Haven't had anything to do with Group libraries.
Almost all have been "created" recently - I exported these (in a few batches) via RDF from another FF profile into a nice clean new profile.
(had a few minor issues with the import/export - but that's in my other thread!)
Is there a way to identify the orphans?
- use read API to get all itemKeys of the user's library
- from those generate a batch program/shell script that moves all the subfolders in the zotero storage folder that have a corresponding itemKey into a subfolder "not orphaned"
- everything that's left in the storage folder can be deemed orphaned and dealt with accordingly
- move everything from "not orphaned" back into place
This should only take minutes to code (I am offering) but I am not sure if this work because
- would this deal with storage from group libraries/collections? (i.e. does the API return items from group libraries when run with a user code?)
- are there possible settings users might have chosen where attachment storage is not organised into subfolders named according to the itemKey?
Also, don't do this by moving the directories-- there are file system functions you can use to iterate through the directories without moving them.
#!/usr/bin/perl
use DBI;
use File::Path;
# Update this to match your data directory
my $zoterostorage="/Users/mronkko/Documents/Research/Zotero";
my $zoterostoragefiles="$zoterostorage/storage";
my $dbh = DBI->connect("dbi:SQLite:dbname=$zoterostorage/zotero.sqlite","","");
# Query all PDF attachments
my $sth = $dbh->prepare('SELECT key FROM items' ) or die "Couldn't prepare statement: " . $dbh->errstr;
$sth->execute() or die "Couldn't execute statement: " . $sth->errstr;
print "Fetching all dirs as a array\n";
opendir DIR, $zoterostoragefiles or die "cannot open dir $zoterostoragefiles: $!";
my @files= readdir DIR;
closedir DIR;
while (@data = $sth->fetchrow_array()) {
# Remove the item the file array
print"Checking @data[0] \n";
my $index = 0;
$index++ until @data[$index] eq @data[0];
splice(@files, $index,1);
}
# Loop over the non-existing files
foreach (@files){
print "Deleting orphaned directory $_ \n";
# Uncomment the following line to actually delete things
# rmtree(["$zoterostoragefiles/$_"]);
}
You can download the script at
https://github.com/mronkko/ZoteroCleanOrphans/raw/master/ZoteroCleanOrphanedFiles.pl
Then you need to open that in a text editor and change the line number 7 to point to the path of your Zotero data directory.
On Mac, Linux and other Unixes you then run the following command in terminal
perl ~/Downloads/ZoteroCleanOrphanedFiles.pl
After you have tested that it works, you remove the hash mark (#) from the line 37
I do not know if Windows comes with per, or if you would need to install it yourself.
Also you should note that this script has gone through only a limited amount of testing, so you should take a backup of your zotero data directory before using the script.
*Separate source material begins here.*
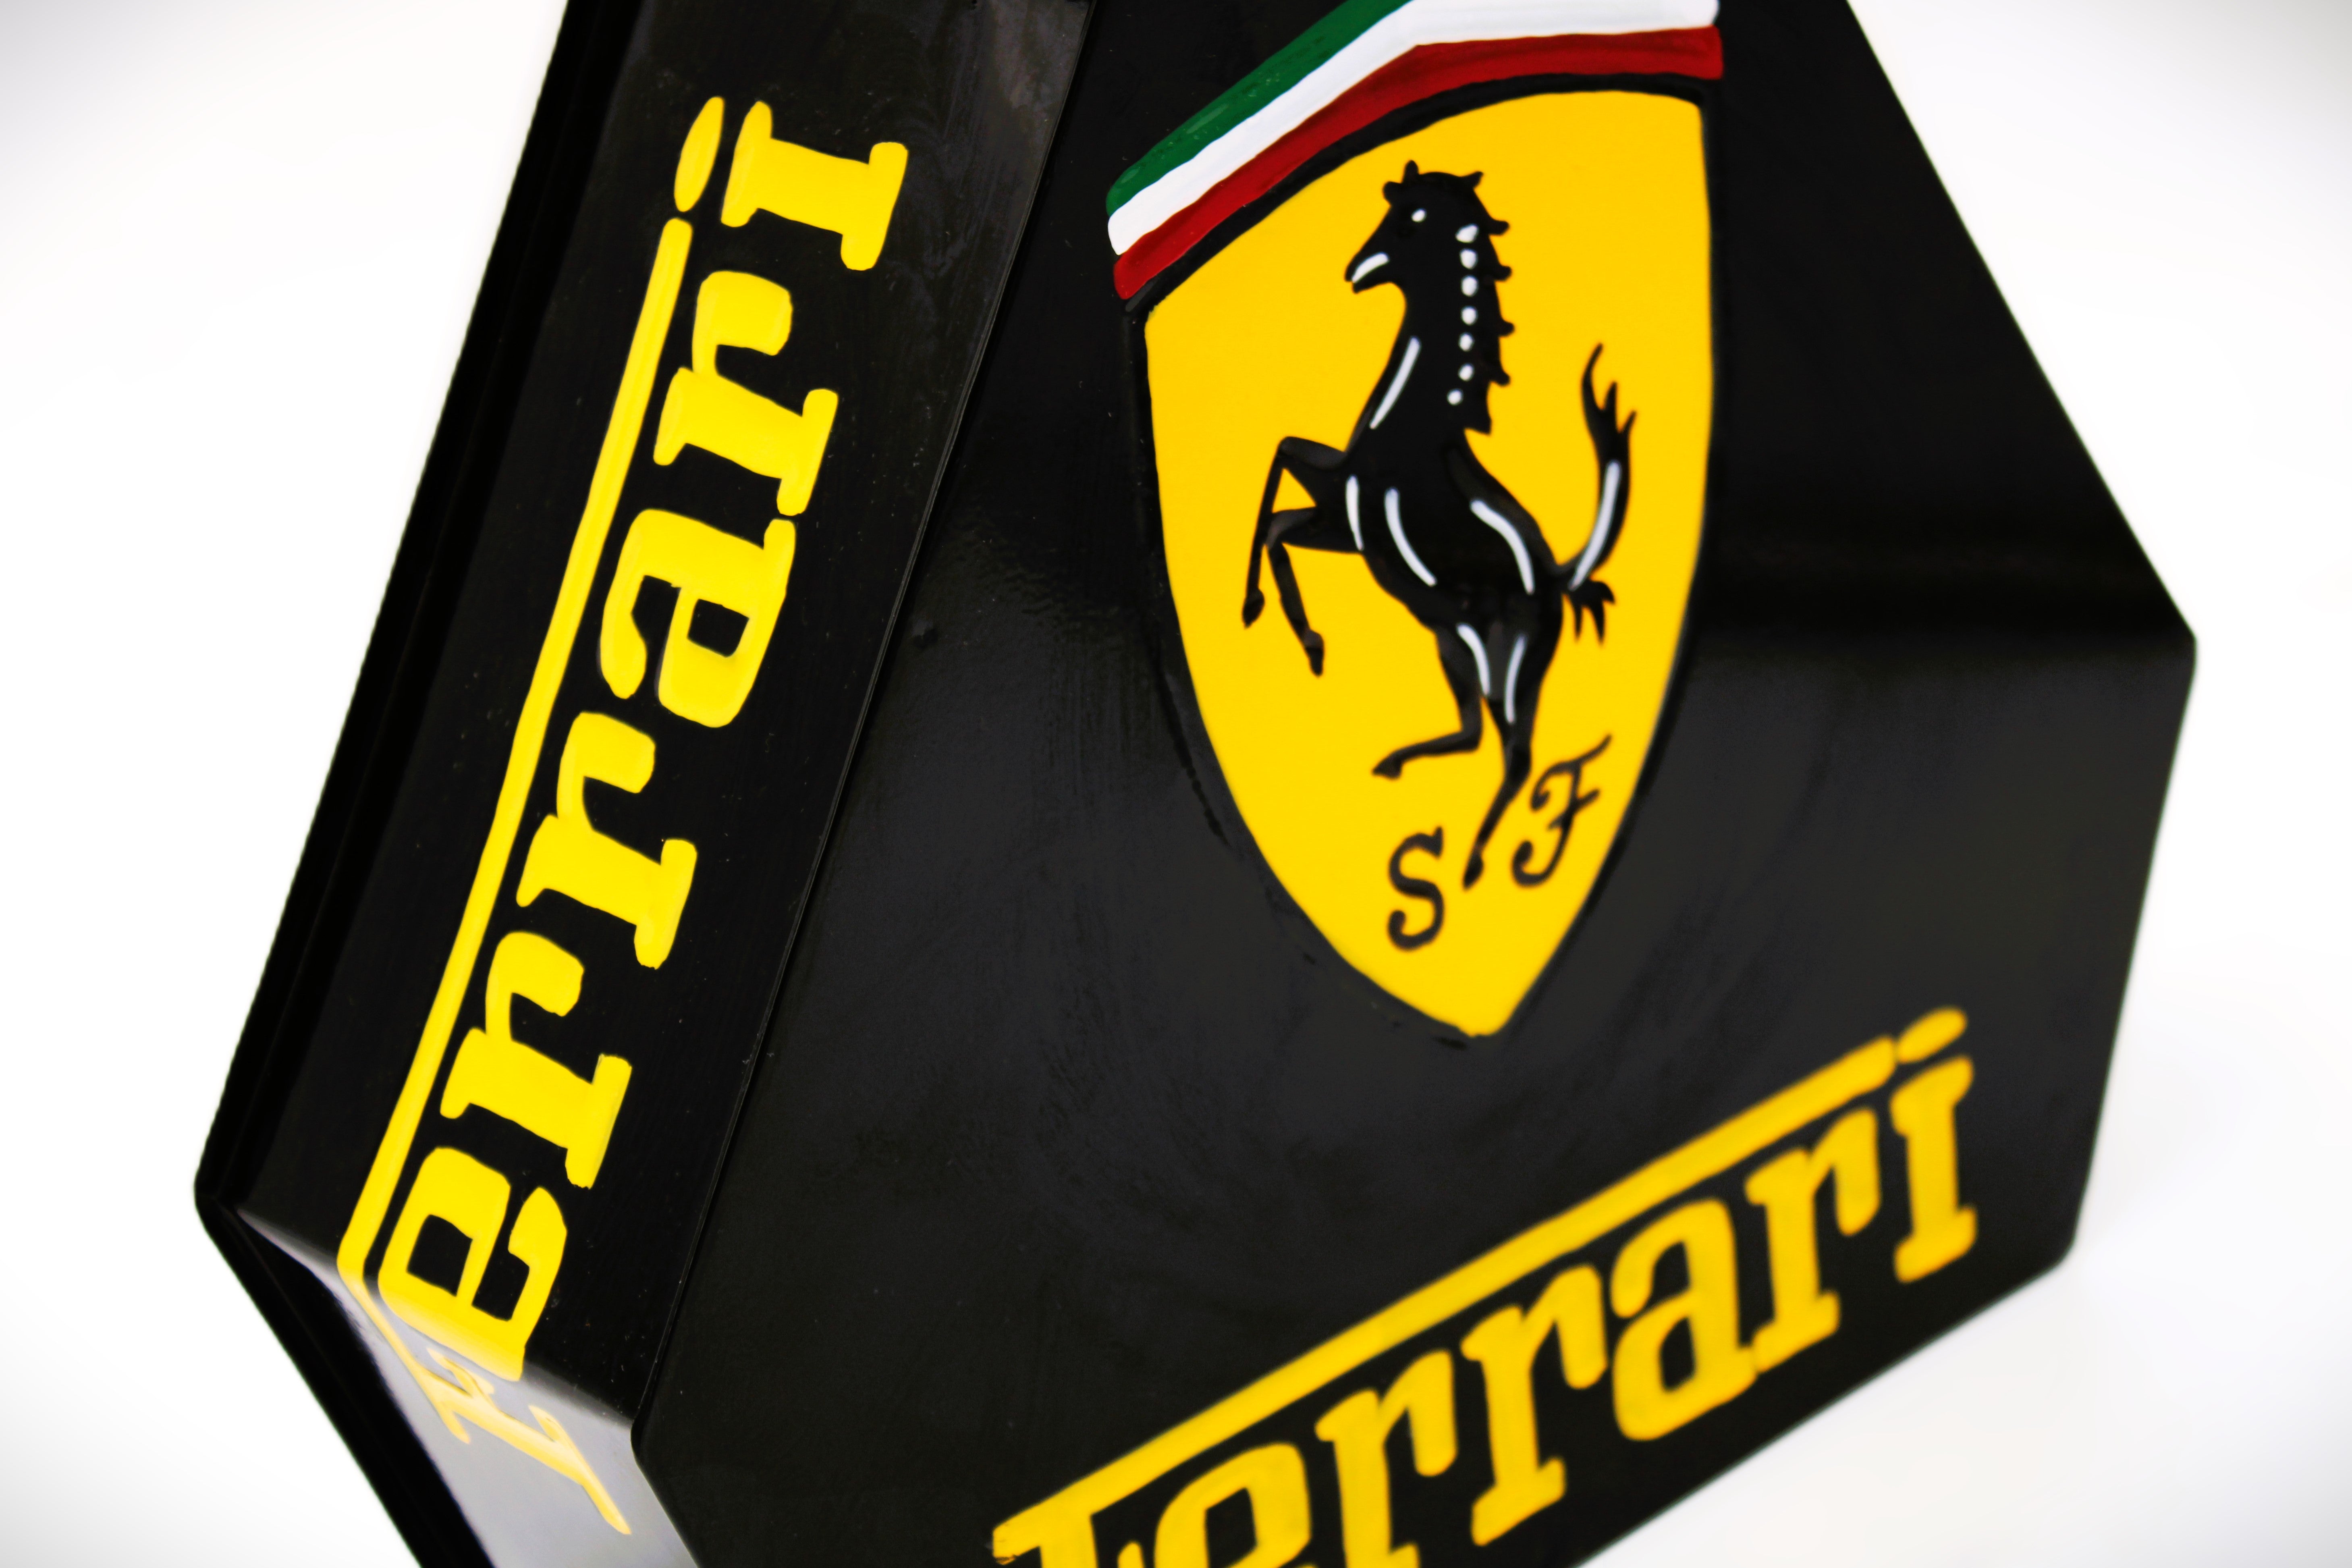 Black and yellow painted gas can with the Ferrari logo displayed on all sides.

Please let me know if there are any issues with the script so that I know to fix them.
Also a query: the script appears to indicate that it is looking only for orphaned PDF files, though I can't find a command that actually does that. Is that the case? Does it then move the non-orphaned PDFs to a new directory, as krueschan had suggested? Or does it just produce a list of orphaned pdfs, then delete them in place (once you delete the line 37 hash mark)?
I have not studied the ZotFile code much myself, so do not know. It might be possible.
#!/usr/bin/python
import sqlite3
import os
# Update this to match your data directory
zoterostorage = "/home/......./zotero"
zoterostoragefiles = zoterostorage + "/storage"
dbh = sqlite3.connect(zoterostorage + "/zotero.sqlite")
# Query all attachments
c = dbh.cursor()
c.execute("SELECT key FROM items")
# Fetching all dirs as a set
files = set(os.listdir(zoterostoragefiles))
for key in c.fetchall():
if key[0] in files:
files.remove(key[0])
# Loop over the non-existing files
print("\n".join(files))
The script only prints the orphaned dirnames. To actually purge them run in the zotero/storage directory
python path-to-script/ZoteroCleanOrphanedFiles.py | xargs rm -r
2) Doesn't handle pdf files stored as links (attachments outside of zotero storage).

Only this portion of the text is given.